> [WORK REQUIRED]: In the records below, find the line holding "Expressive large floor" and the line holding "Vibrantly coloured and". Set down both, with every line between them, exactly.

> [MATERIAL FOR THE TASK]:
•••••

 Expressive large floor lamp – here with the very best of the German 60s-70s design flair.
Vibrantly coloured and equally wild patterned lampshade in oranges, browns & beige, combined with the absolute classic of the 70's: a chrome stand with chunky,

•••••

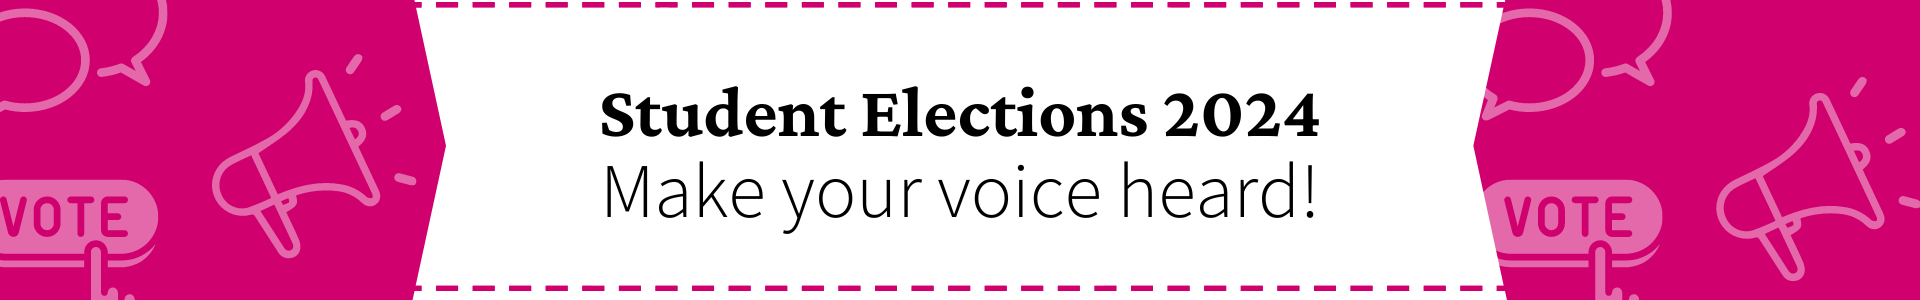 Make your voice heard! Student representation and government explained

•••••

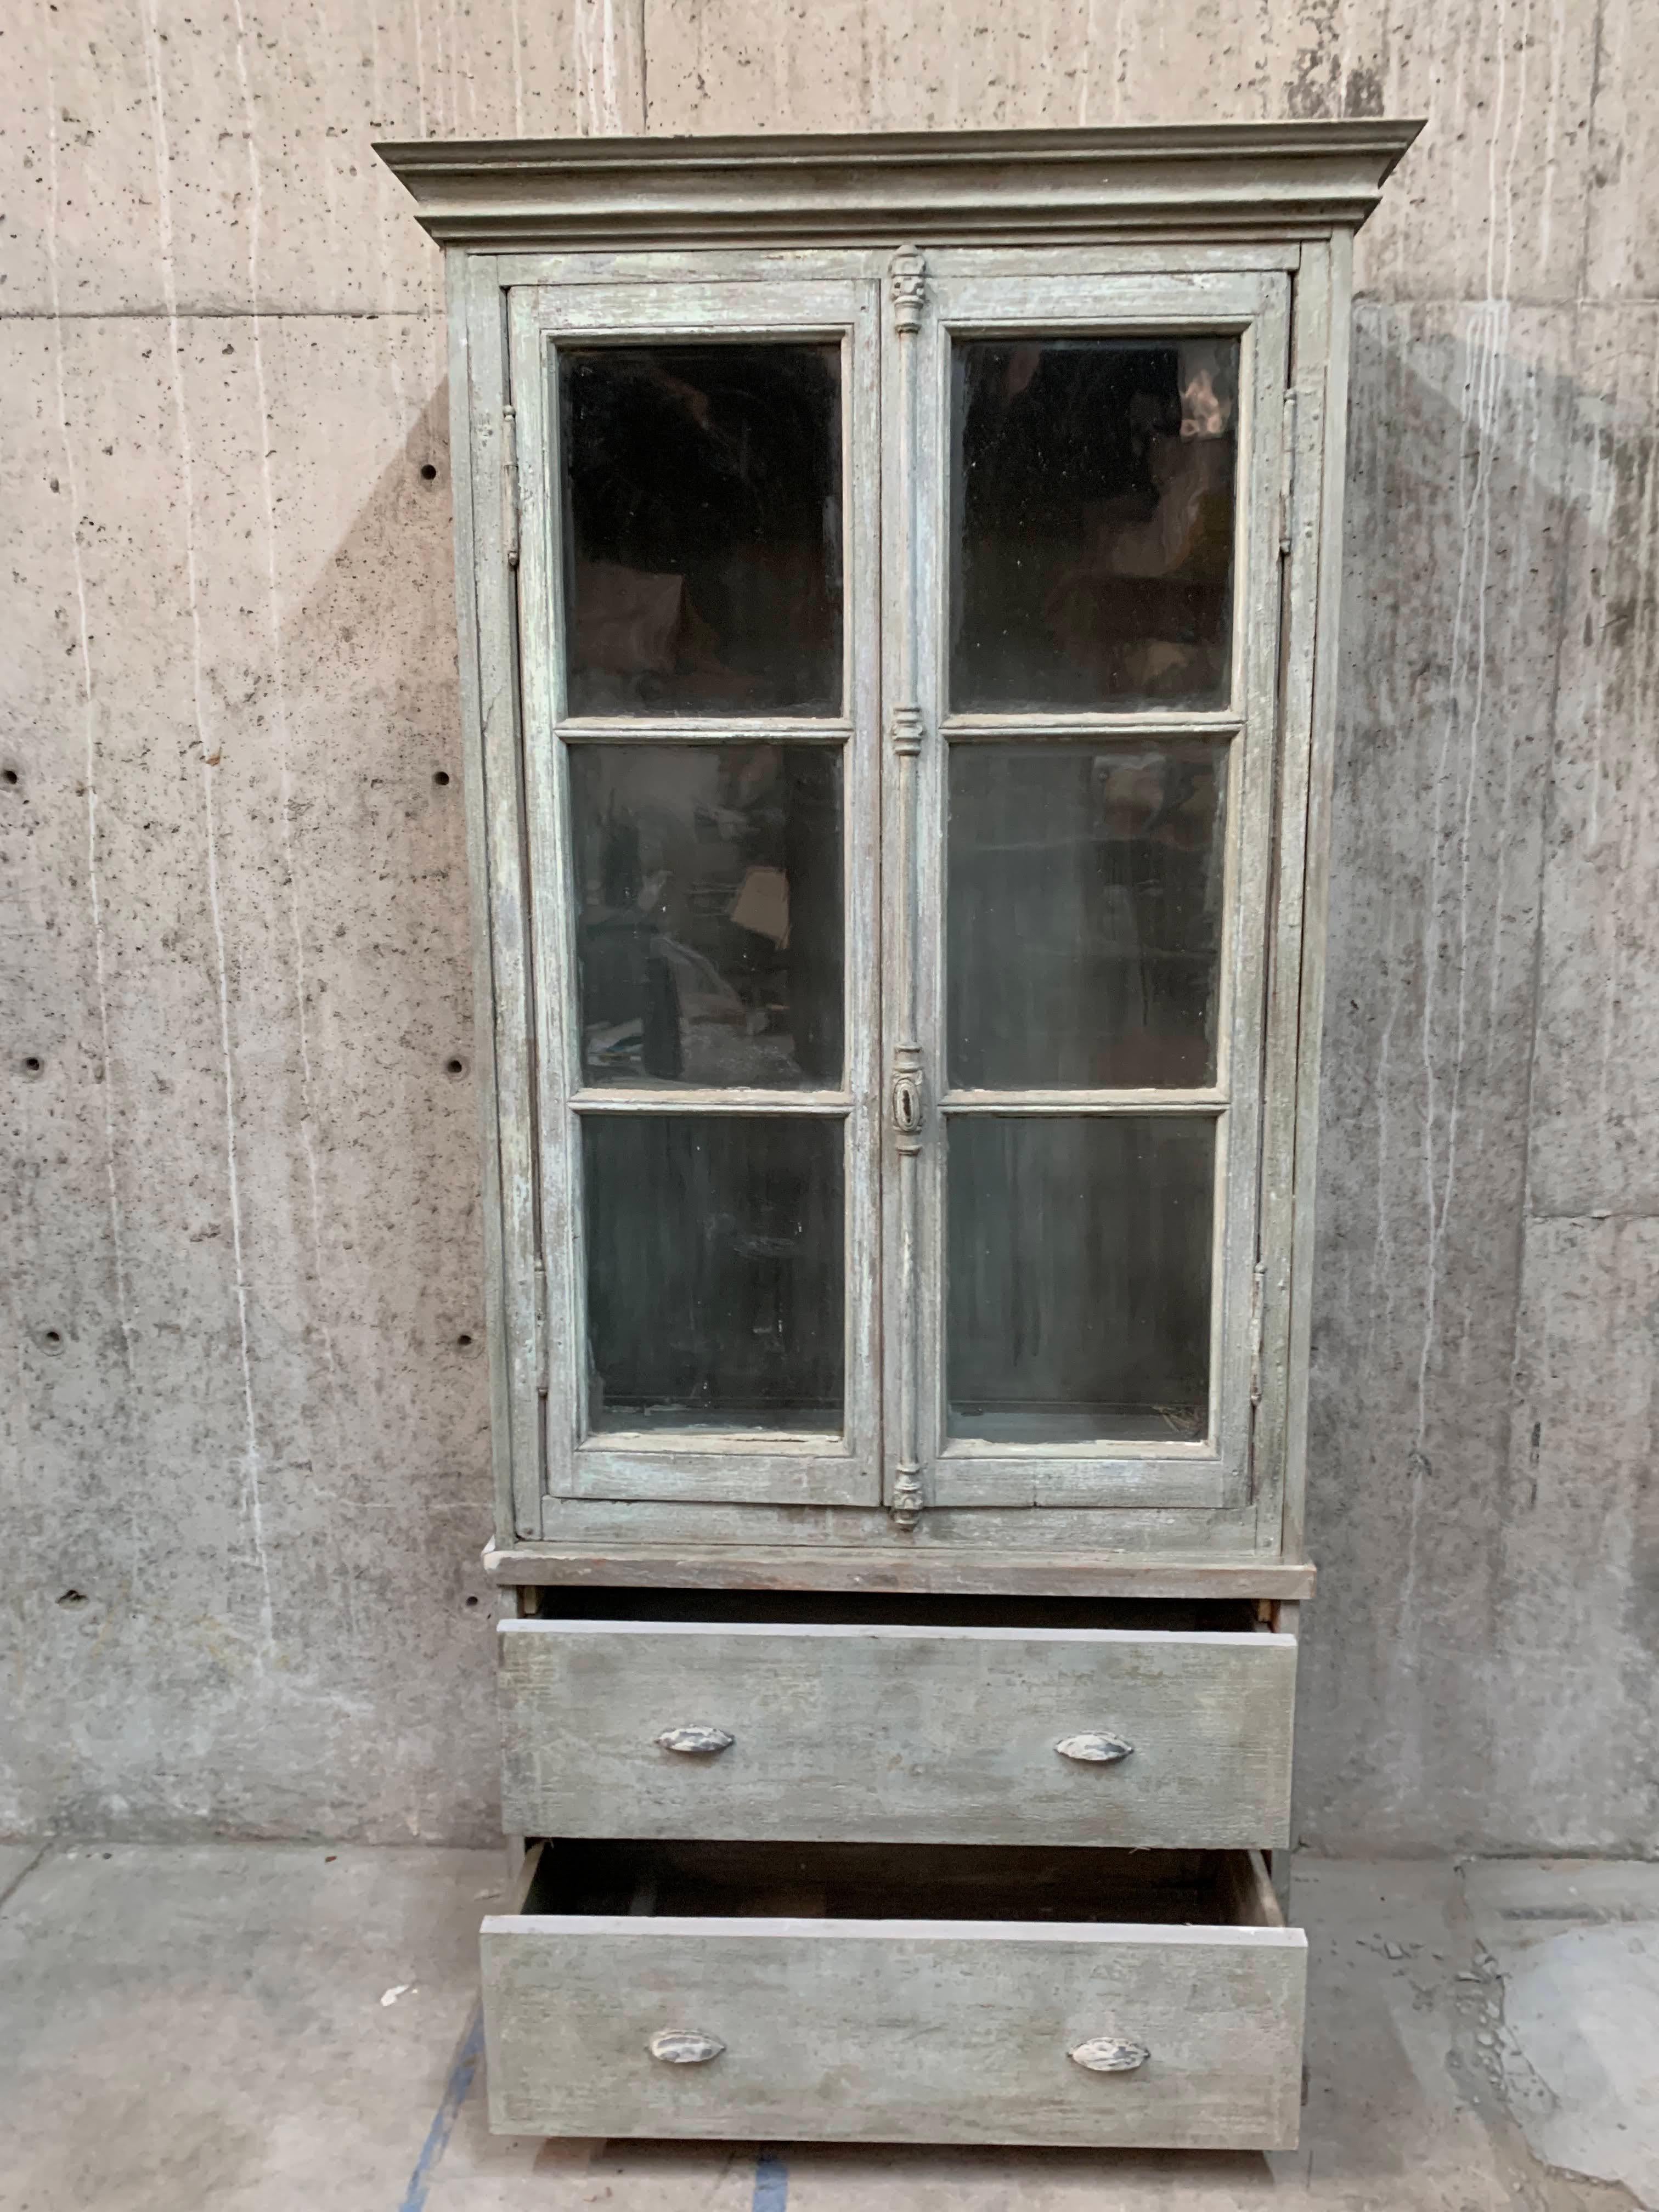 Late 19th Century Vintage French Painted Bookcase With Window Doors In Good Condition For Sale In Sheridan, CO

•••••

> [YOUR RESPONSE]:
 Expressive large floor lamp – here with the very best of the German 60s-70s design flair.
Vibrantly coloured and equally wild patterned lampshade in oranges, browns & beige, combined with the absolute classic of the 70's: a chrome stand with chunky,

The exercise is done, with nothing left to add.